What is Virginia's state beverage?
Virginia's official state beverage is milk, designated in 1982 and codified in the Code of Virginia.
Who sponsored Virginia's state beverage legislation?
State Senator Virgil Goode sponsored the measure. Goode represented a district centered on Franklin County, a southwestern Virginia region with a strong dairy farming heritage. He later served in the U.S. House of Representatives.
Why did Virginia choose milk as its state beverage?
The designation was rooted in the dairy farming heritage of Franklin County and the surrounding southwestern Virginia region. Senator Virgil Goode championed the bill, framing it as recognition of an agricultural identity that had defined that part of the state for generations.
Is Virginia's state beverage designation legally official?
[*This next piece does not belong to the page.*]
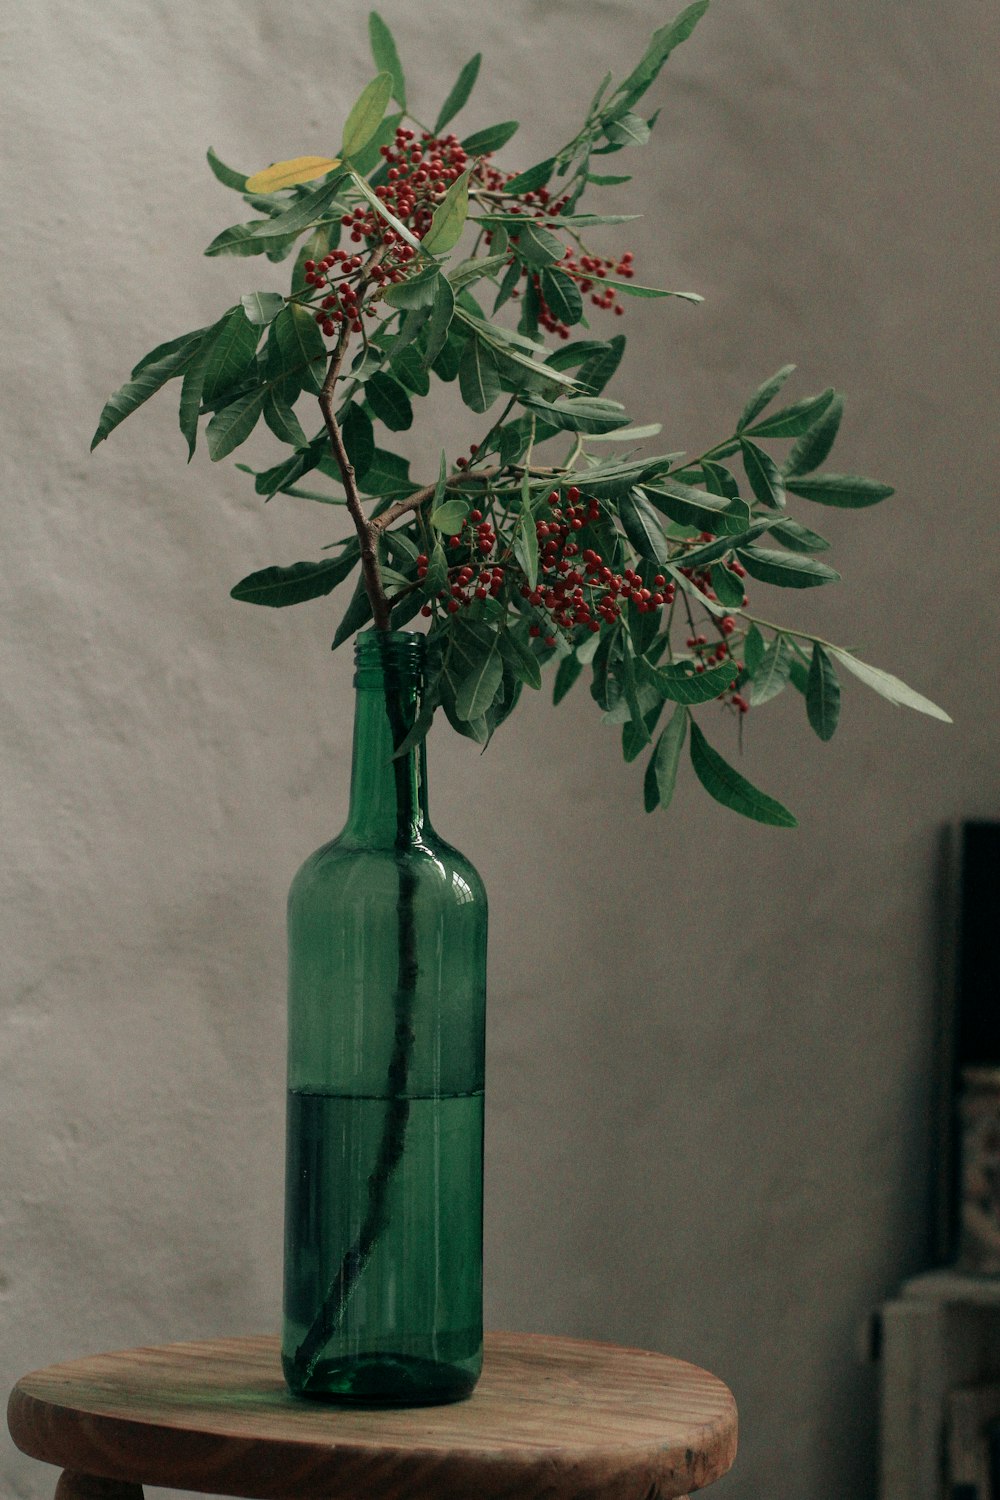 planta vermelha e verde no vaso de vidro verde

Yes. Milk is codified in the Code of Virginia as the official state beverage — not a resolution or gubernatorial proclamation. It has the same standing as other official Virginia state symbols.
How many states have milk as their state beverage?
Twenty states have designated milk as their official state beverage, including Virginia. It is the most common state beverage choice in the country.
When did Virginia designate milk as its state beverage?
Virginia designated milk as the official state beverage in 1982.